When using Ollama through the OpenAI-compatible API programmatically, a few model considerations differ from interactive use. For chat completions in automated pipelines, lower temperatures (0.1–0.3) produce more consistent, predictable outputs that are easier to parse downstream. For embedding use cases, always use a dedicated embedding model rather than a general chat model — nomic-embed-text is the standard choice with Ollama, producing 768-dimensional embeddings that work well with most vector databases. For applications that need structured JSON output, models with strong instruction following (Llama 3.2, Qwen 2.5) reliably produce valid JSON when the system prompt explicitly requires it and temperature is set low.

One thing to be aware of with the Ollama OpenAI-compatible API is that the model field in your request must match exactly the name of a model you have pulled locally. Unlike the real OpenAI API where model names are stable globally, Ollama model names include version tags — llama3.2 and llama3.2:latest both work, but llama3.2:8b requires you to have pulled that specific variant.

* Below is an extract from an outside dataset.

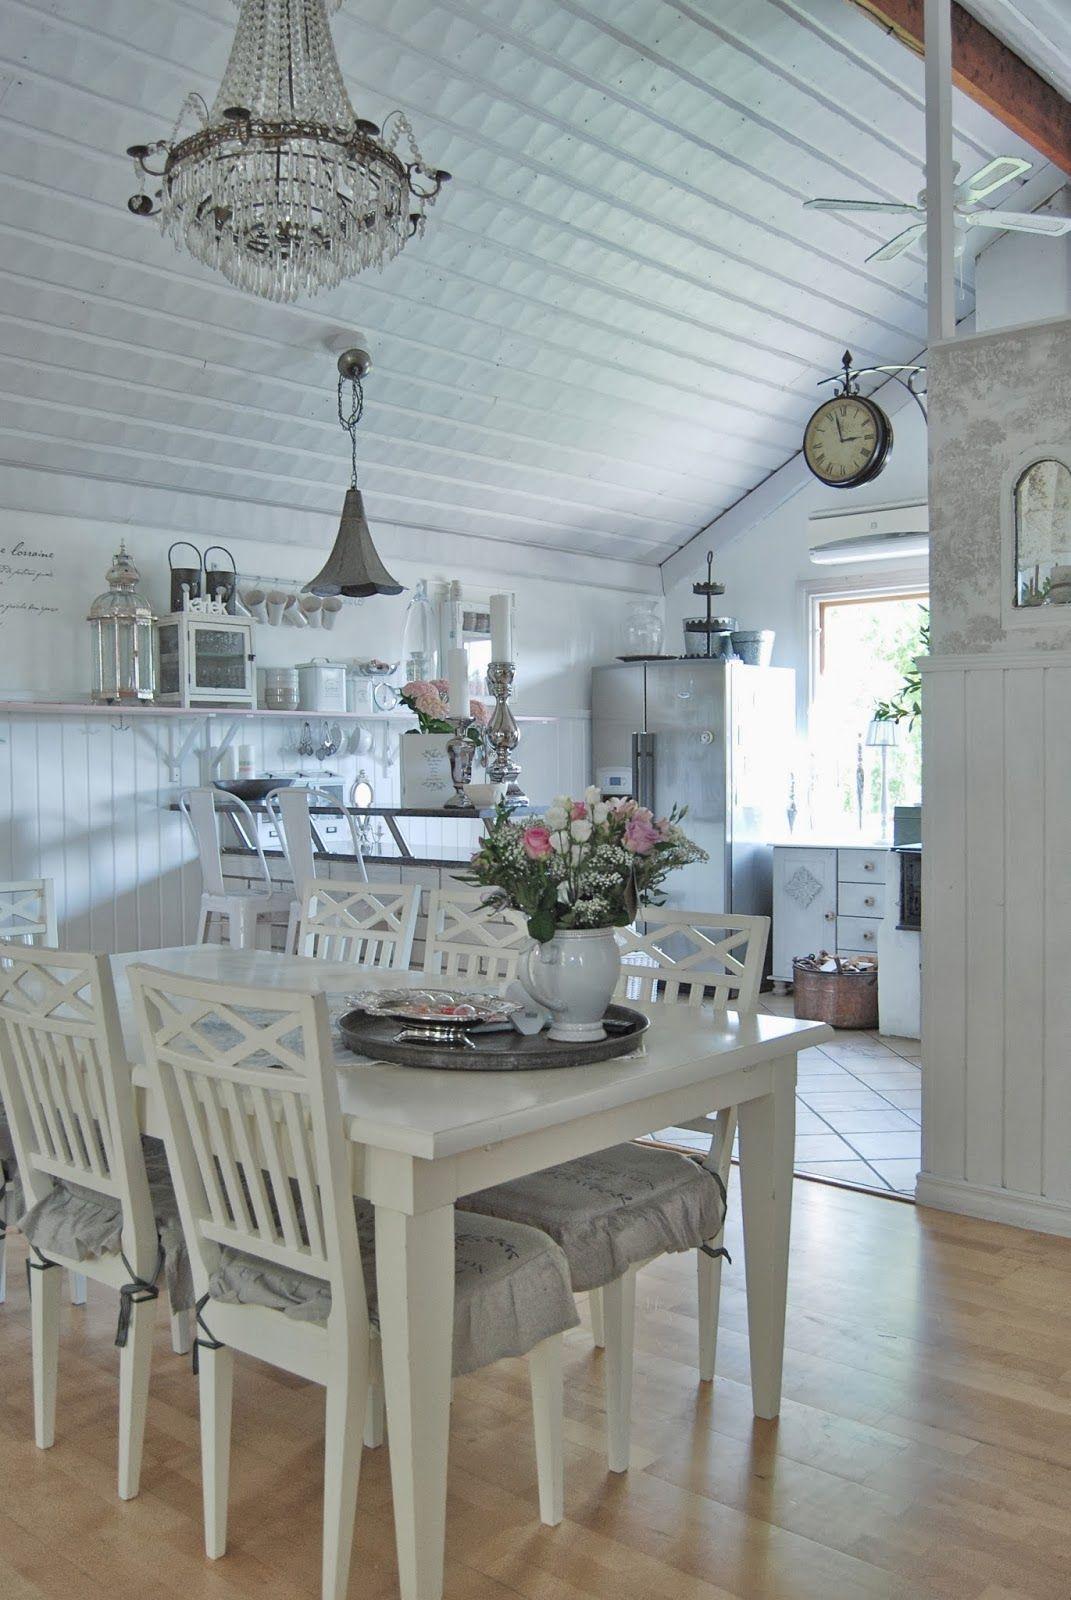 Shabby Chic   Home Decor   Pinterest   Shabby, Om and Kitchens
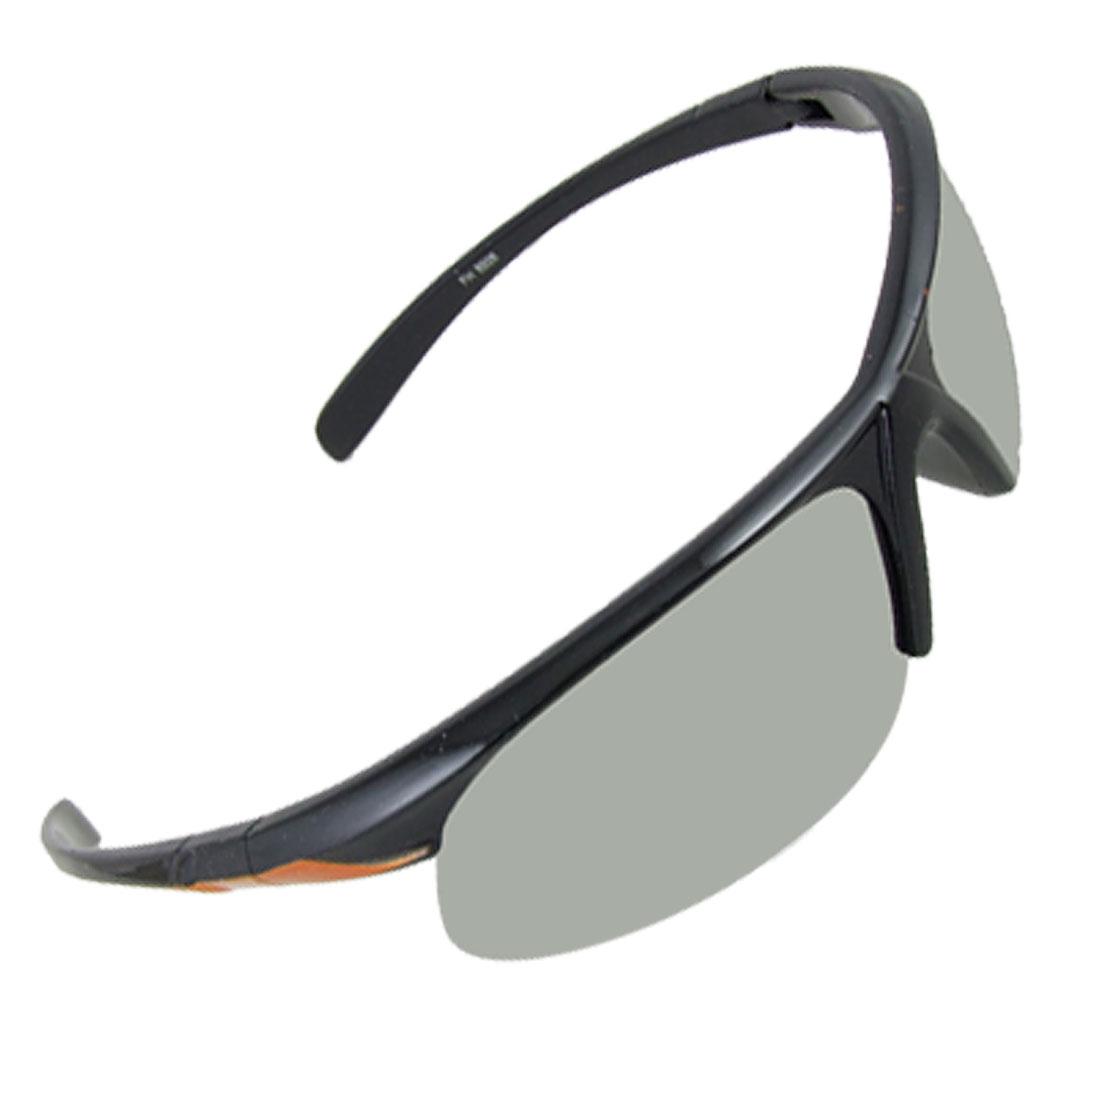 Mirror Lens Semi Frame Black Orange Arms Sports Sunglasses

Run ollama list to see the exact names available on your machine.

Building a Local AI Proxy with LiteLLM

LiteLLM is a proxy server that sits between your application and multiple LLM backends, presenting a unified OpenAI-compatible interface. Running LiteLLM in front of Ollama lets you add API key authentication, rate limiting, logging, cost tracking, and the ability to fall back to a cloud provider if the local model is unavailable — all without changing your application code.

pip install litellm[proxy]

# Start LiteLLM proxy pointing at Ollama
litellm --model ollama/llama3.2 --port 8000

# Your app now points at LiteLLM instead of Ollama directly
from openai import OpenAI
client = OpenAI(base_url='http://localhost:8000', api_key='any-key')
response = client.chat.completions.create(
    model='ollama/llama3.2',
    messages=[{'role': 'user', 'content': 'Hello'}]
)

The LiteLLM approach is particularly useful in team environments where you want centralised control over which models are accessible, usage logging for billing or auditing purposes, or the ability to transparently swap between local and cloud models based on request load or model availability. It adds one extra process to manage but provides operational flexibility that direct Ollama API access does not.

Testing Your Ollama API Setup

Before integrating into an application, it is worth verifying the API works correctly with a quick curl test. These commands confirm Ollama is running, the model is available, and the OpenAI-compatible endpoint is responding correctly:

# Check available models
curl http://localhost:11434/v1/models | python3 -m json.tool

# Quick chat completion test
curl http://localhost:11434/v1/chat/completions \
  -H 'Content-Type: application/json' \
  -d '{"model": "llama3.2", "messages": [{"role": "user", "content": "Say hi"}]}'

# Embedding test
curl http://localhost:11434/v1/embeddings \
  -H 'Content-Type: application/json' \
  -d '{"model": "nomic-embed-text", "input": "test sentence"}'

If the models endpoint returns an empty list, you need to pull a model first with ollama pull llama3.2. If you get a connection refused error, Ollama is not running — start it with ollama serve or open the Ollama desktop app.

Performance Tuning for API Use

When calling Ollama through the API in a loop or from multiple concurrent clients, a few settings make a meaningful difference to throughput and latency. The most important is ensuring Ollama is running with GPU acceleration — if inference is falling back to CPU you will see tokens-per-second in single digits rather than the 30–80 typical on a mid-range GPU. Check by running ollama ps while a request is in flight; it shows which device the model is running on and the current memory utilisation.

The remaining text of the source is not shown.